#### Exercise directions:
In the records below, the lines between the one holding "[白地図]滋賀県・ラインあり・市区町村名あり" and the one holding "藤次郎(TOJIRO) 特製 帆布ナイフポケット F-359 ホワイトの商品画像3", inclusive, are to be transcribed exactly; no pictures are to be included.

*** Opening Provided entries ***

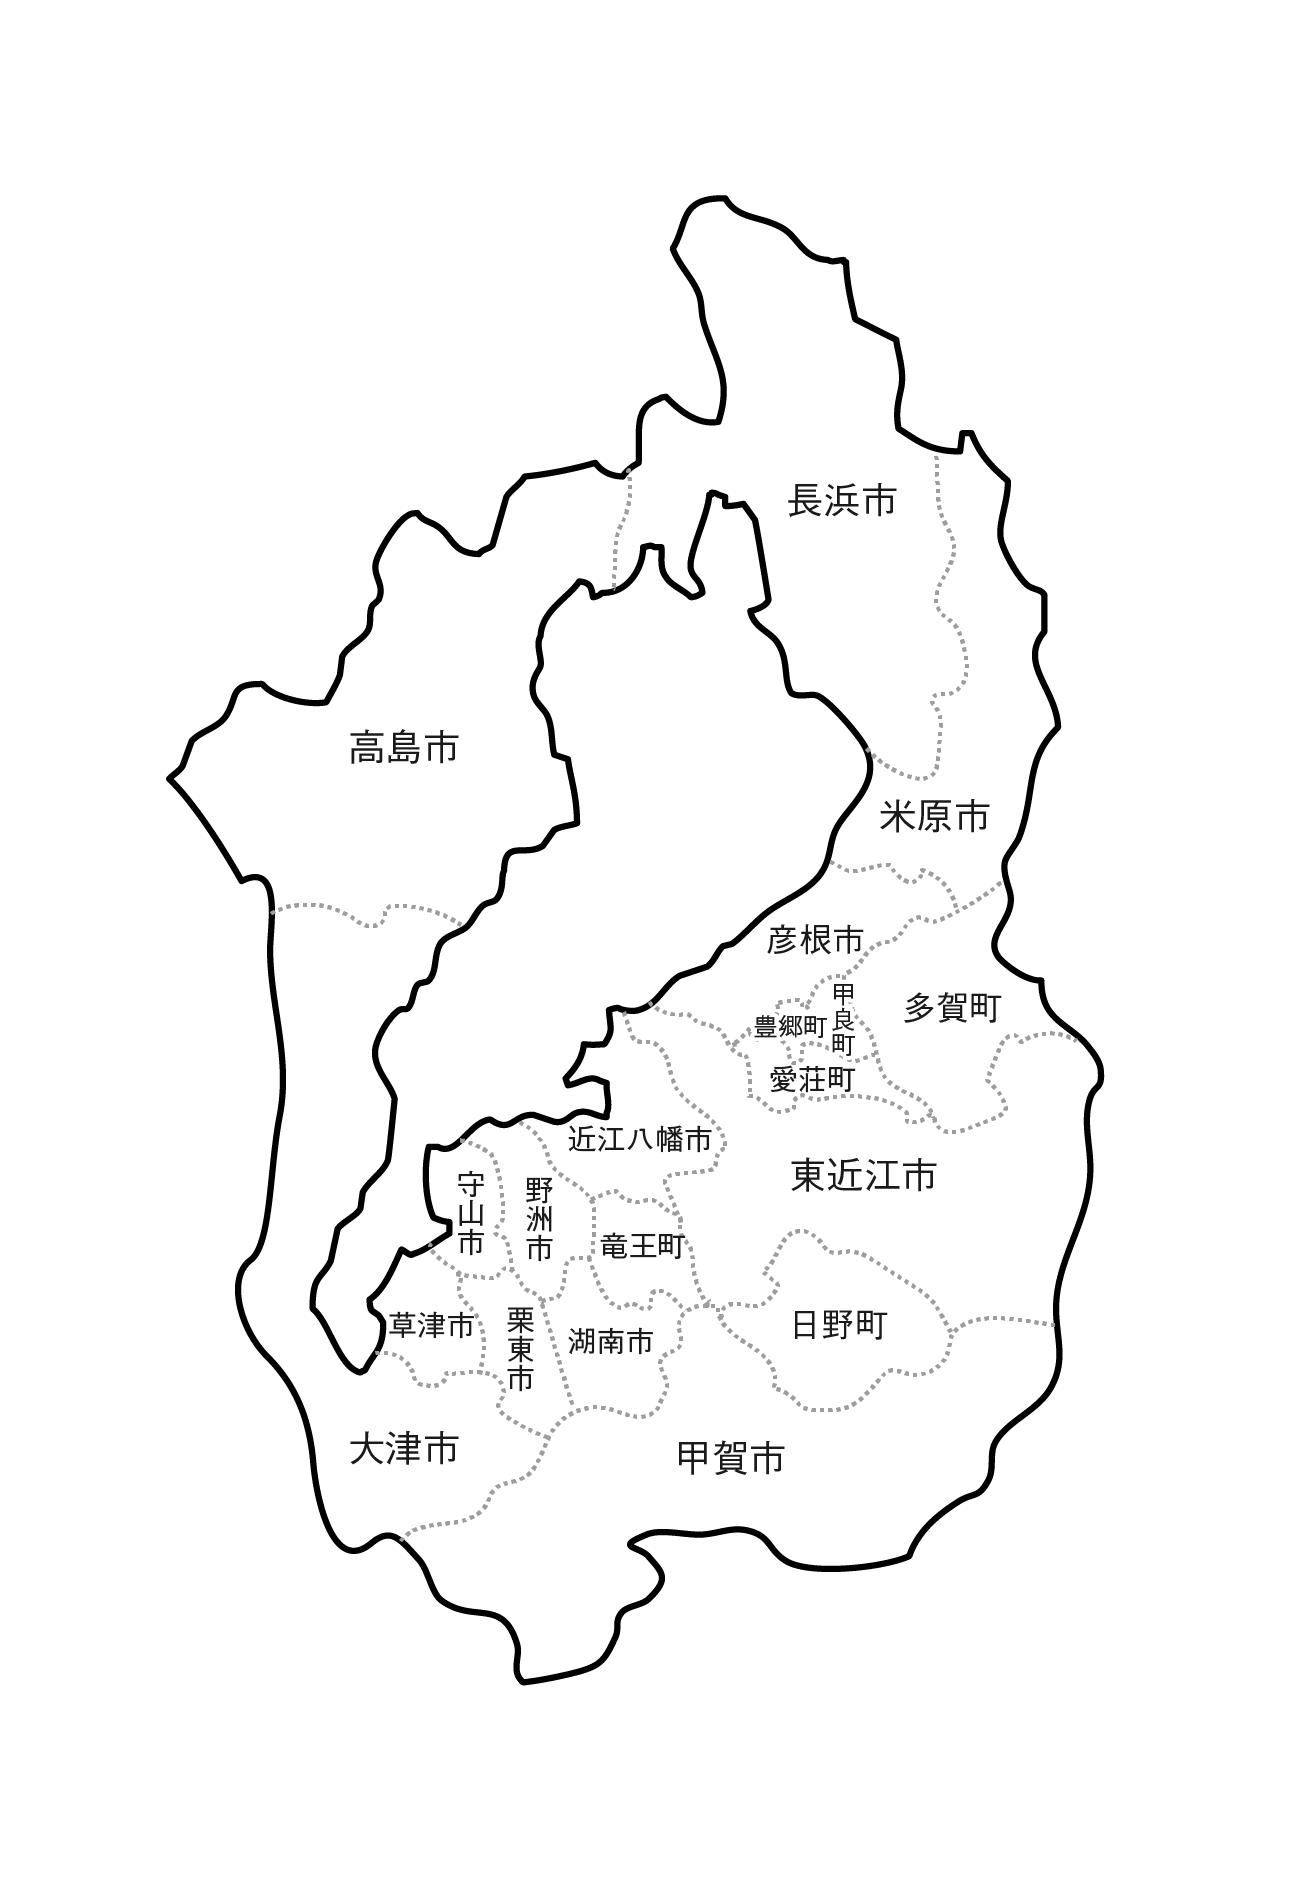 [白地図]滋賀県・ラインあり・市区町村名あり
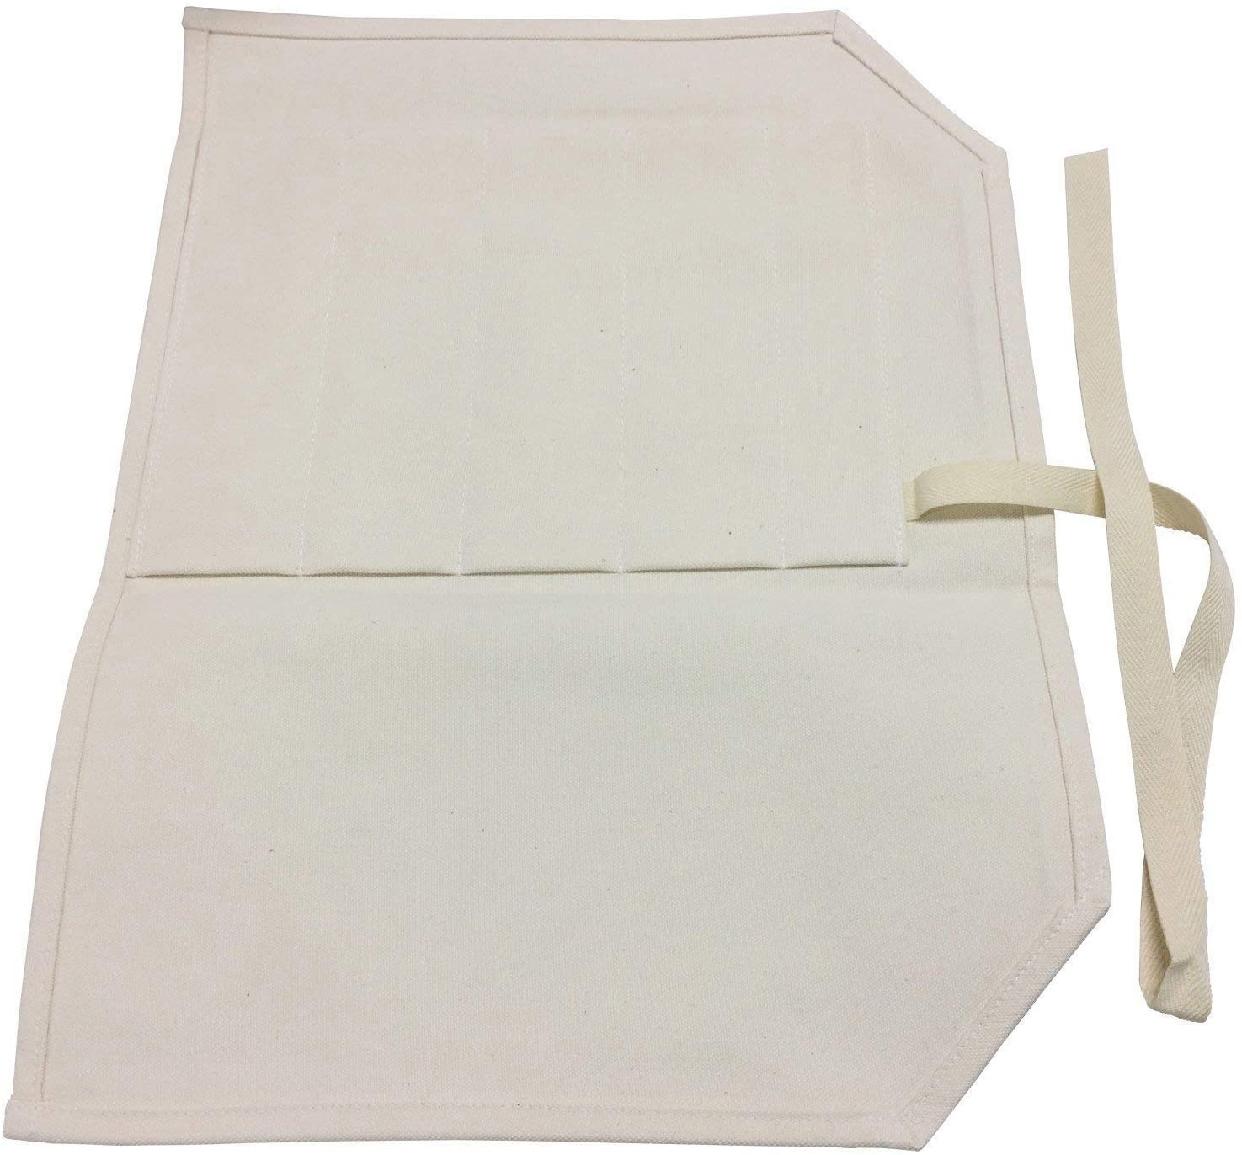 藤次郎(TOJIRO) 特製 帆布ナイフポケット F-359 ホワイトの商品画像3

*** Closing Provided entries ***
*** Opening Provided entries ***

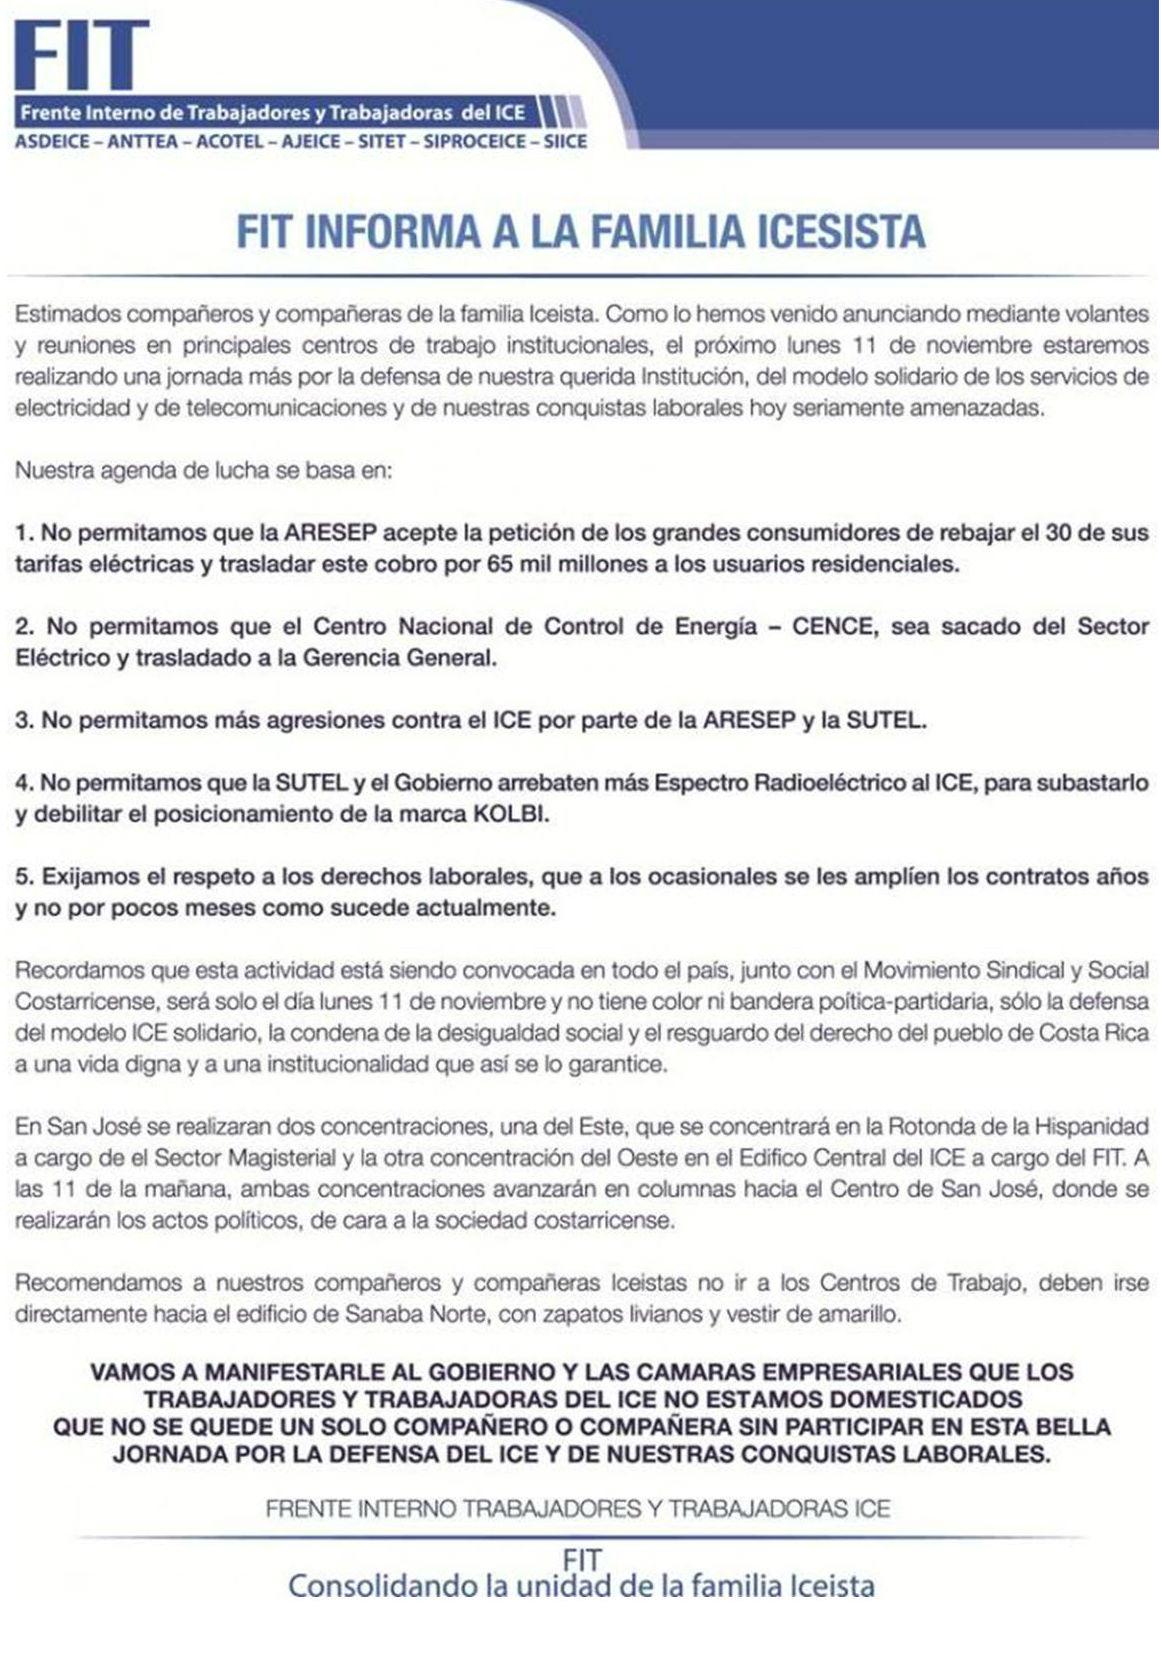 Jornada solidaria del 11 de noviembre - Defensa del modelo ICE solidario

*** Closing Provided entries ***
*** Opening Provided entries ***

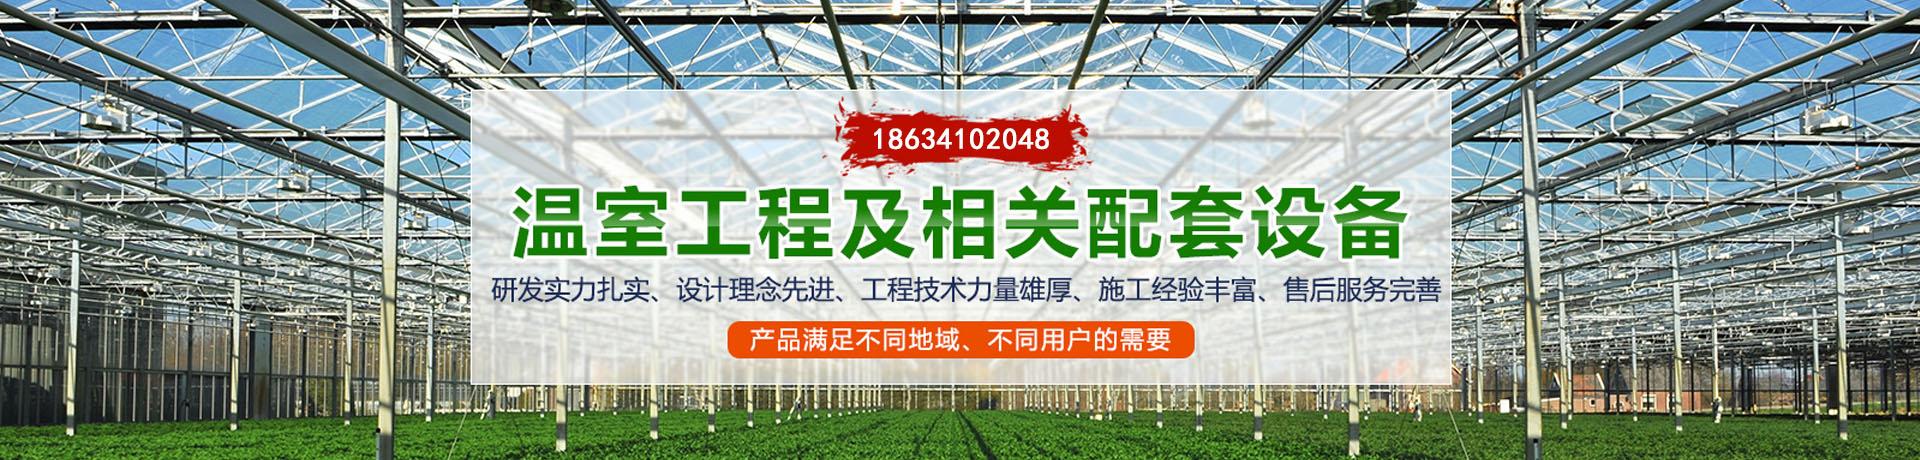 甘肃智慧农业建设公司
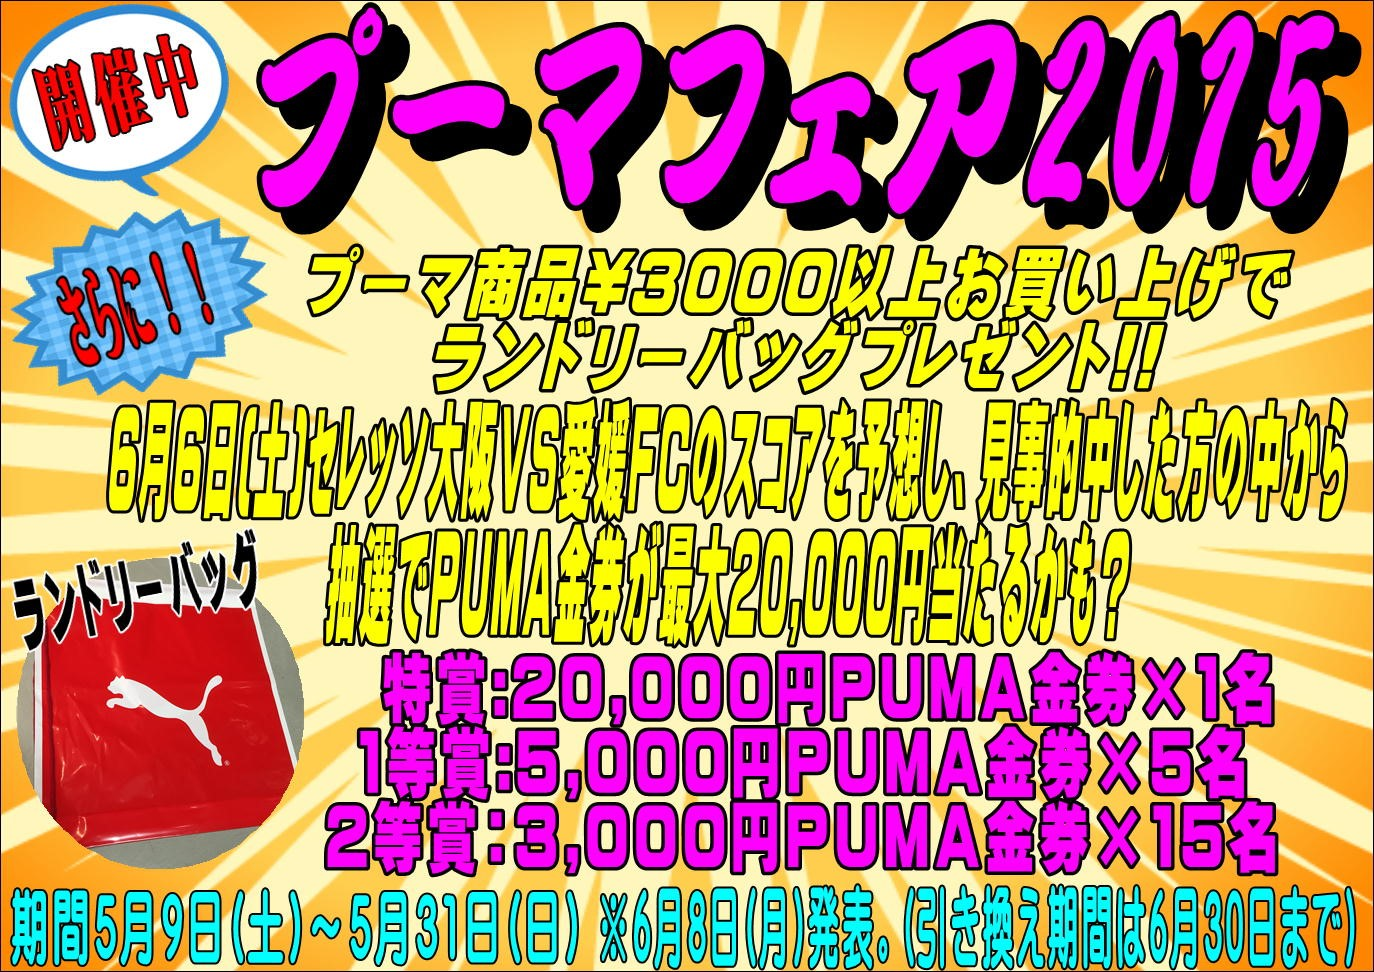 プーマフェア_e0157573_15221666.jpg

*** Closing Provided entries ***

#### Your solution:
 [白地図]滋賀県・ラインあり・市区町村名あり
 藤次郎(TOJIRO) 特製 帆布ナイフポケット F-359 ホワイトの商品画像3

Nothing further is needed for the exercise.